**TASK GOAL:** Where the records below show a line containing "image user - Starry Christmas", start copying; end with the line containing "Normandy_Gold_1_Cover-A-Fay-Dalton.jpg", and copy it too.

(DATA FOR THIS EXERCISE Opens)

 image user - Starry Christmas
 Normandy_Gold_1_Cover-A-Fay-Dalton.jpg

(DATA FOR THIS EXERCISE Closes)
(DATA FOR THIS EXERCISE Opens)

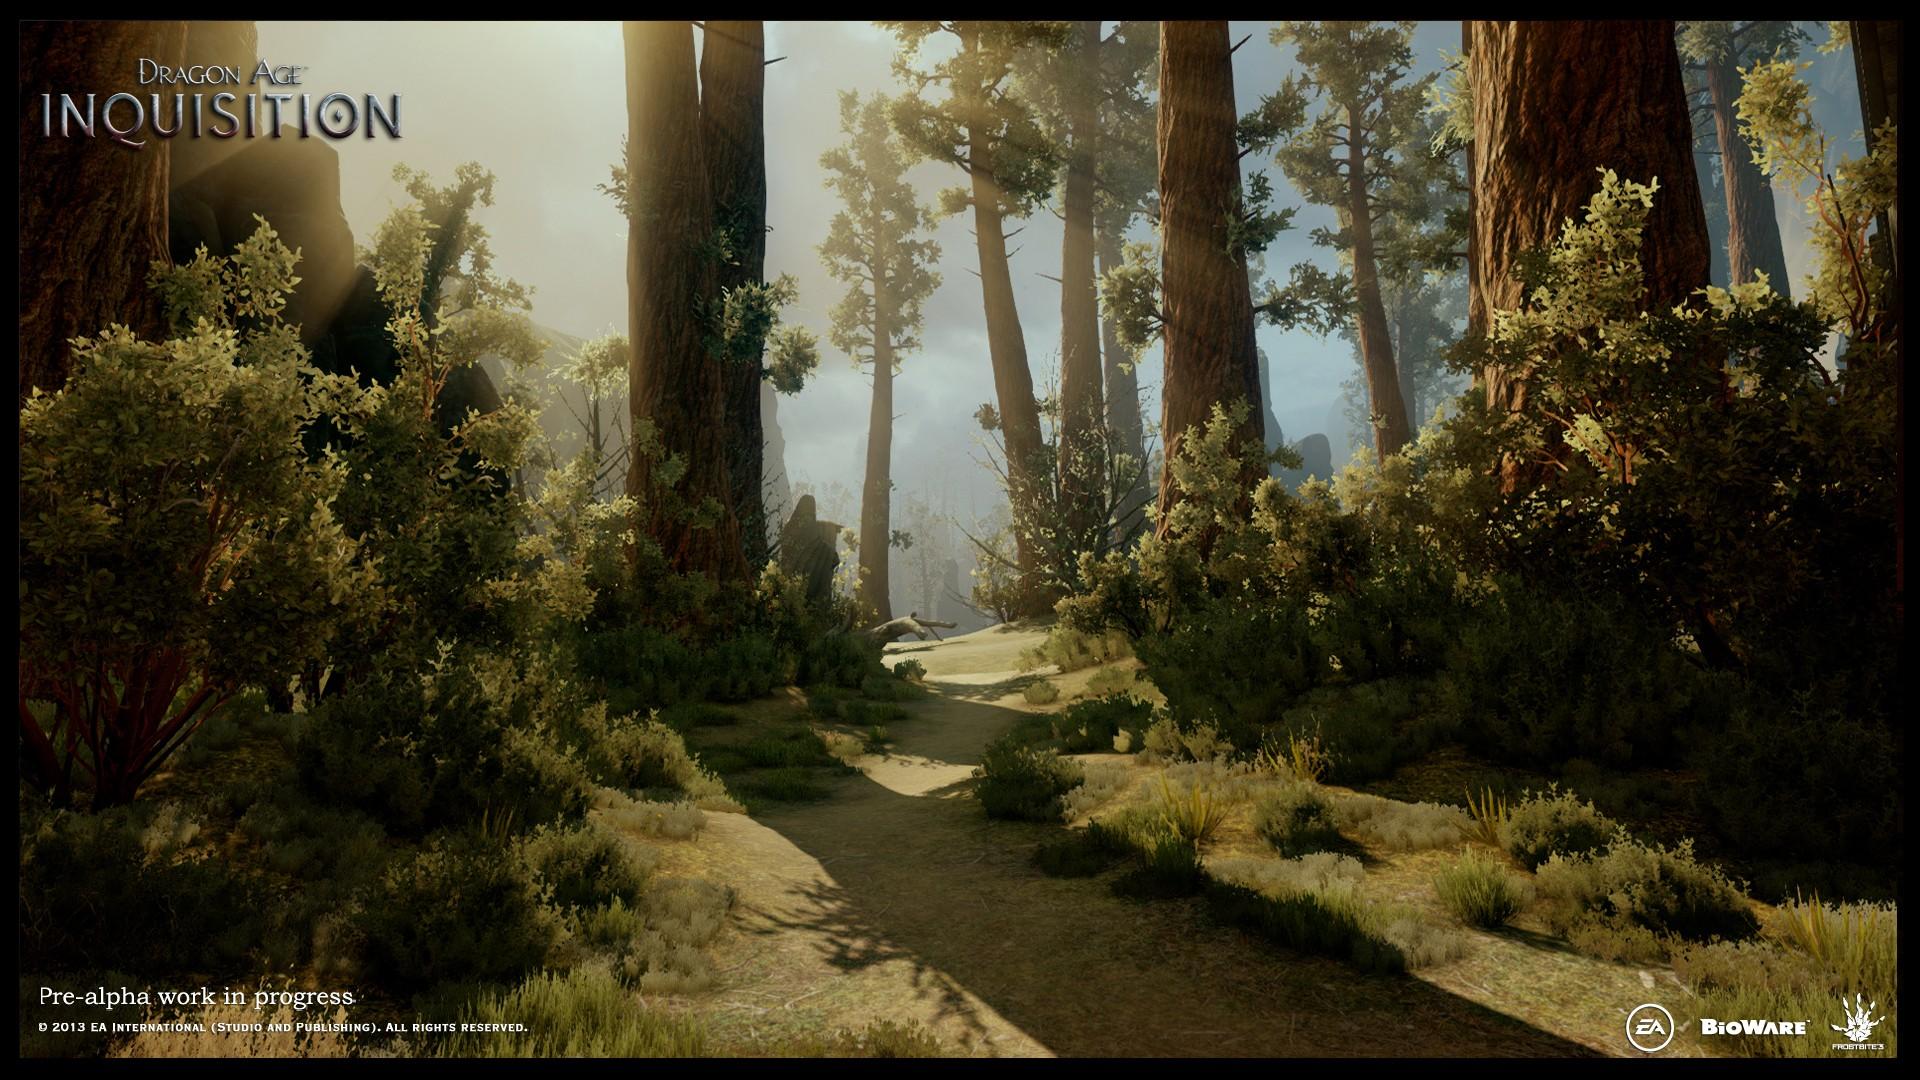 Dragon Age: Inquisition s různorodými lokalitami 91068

(DATA FOR THIS EXERCISE Closes)
(DATA FOR THIS EXERCISE Opens)

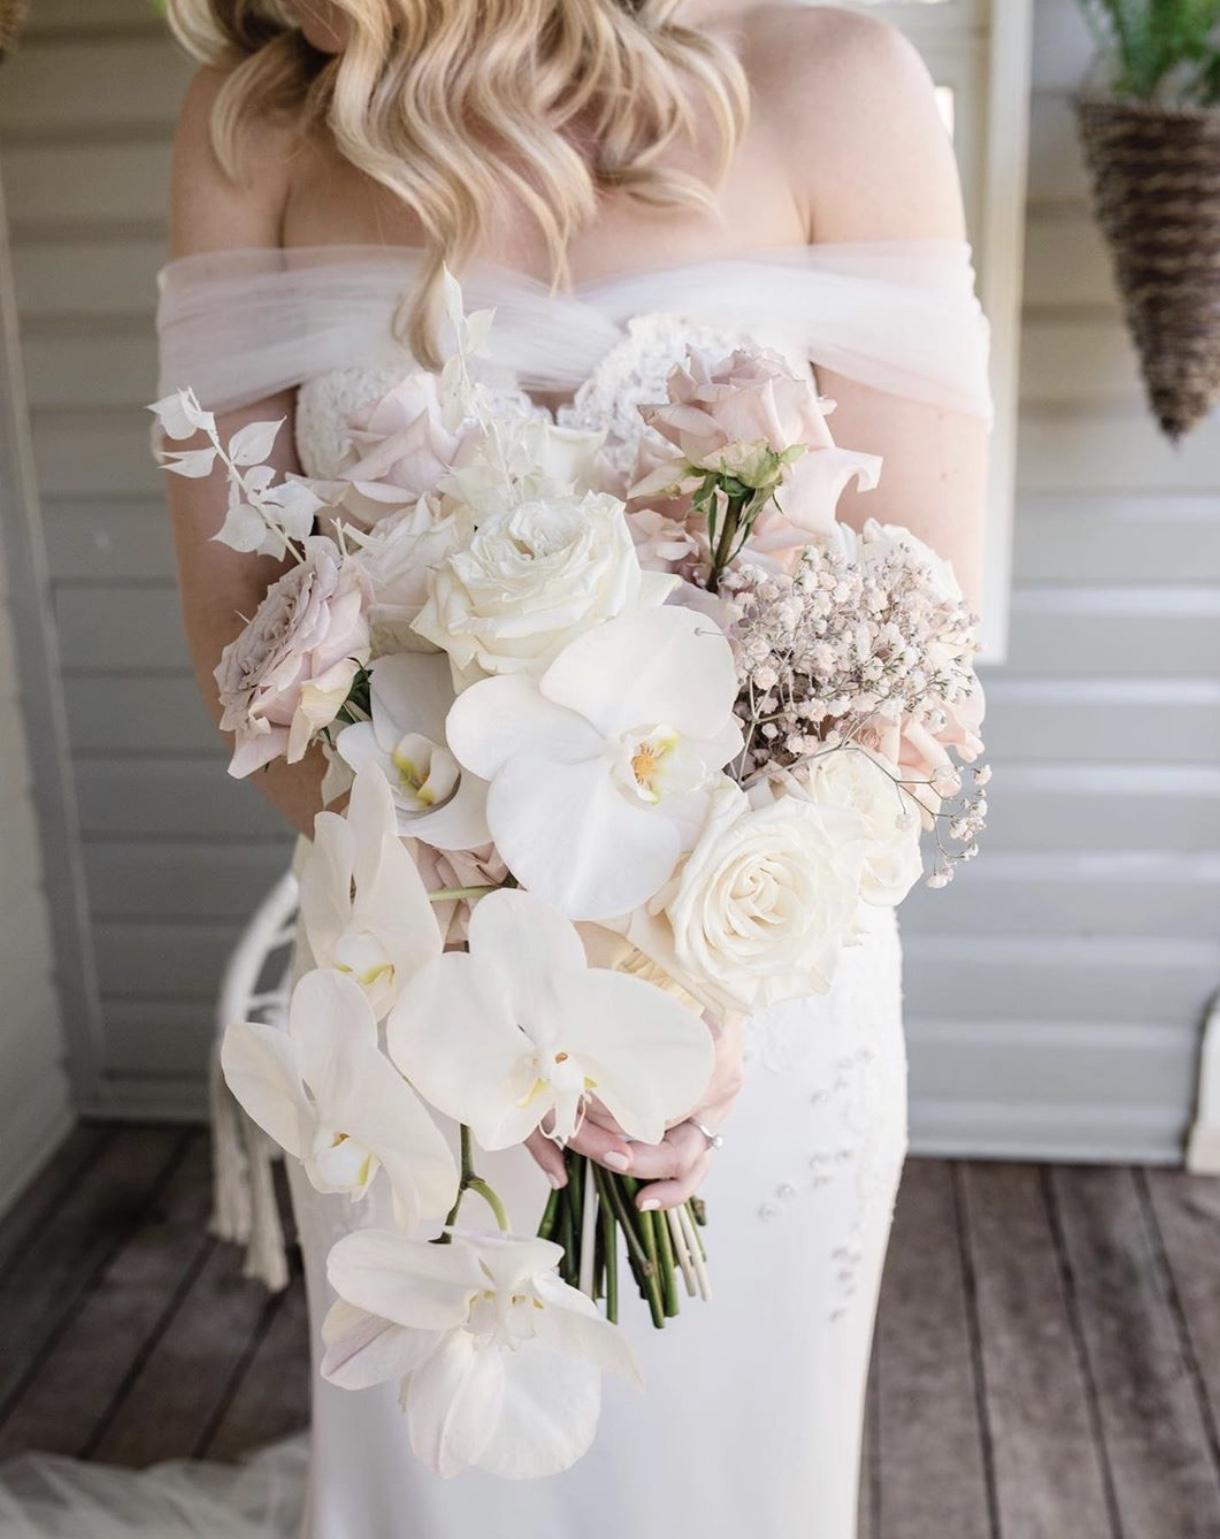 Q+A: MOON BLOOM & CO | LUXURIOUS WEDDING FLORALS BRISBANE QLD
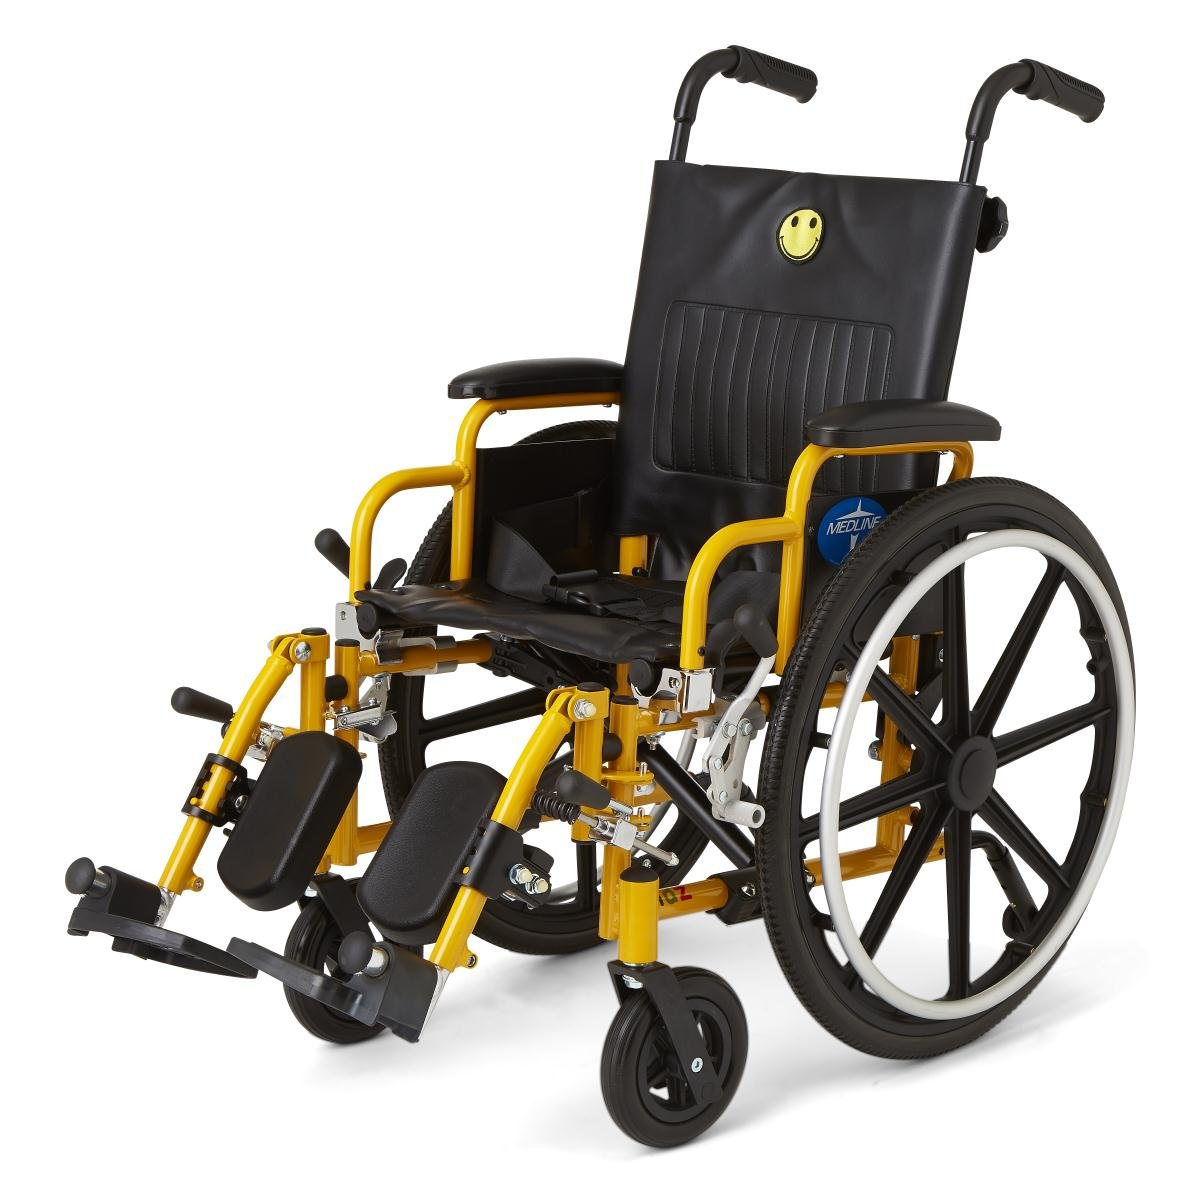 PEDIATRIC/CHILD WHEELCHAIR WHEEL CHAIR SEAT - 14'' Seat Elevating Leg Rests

(DATA FOR THIS EXERCISE Closes)

**FINISHED EXERCISE:**
 image user - Starry Christmas
 Normandy_Gold_1_Cover-A-Fay-Dalton.jpg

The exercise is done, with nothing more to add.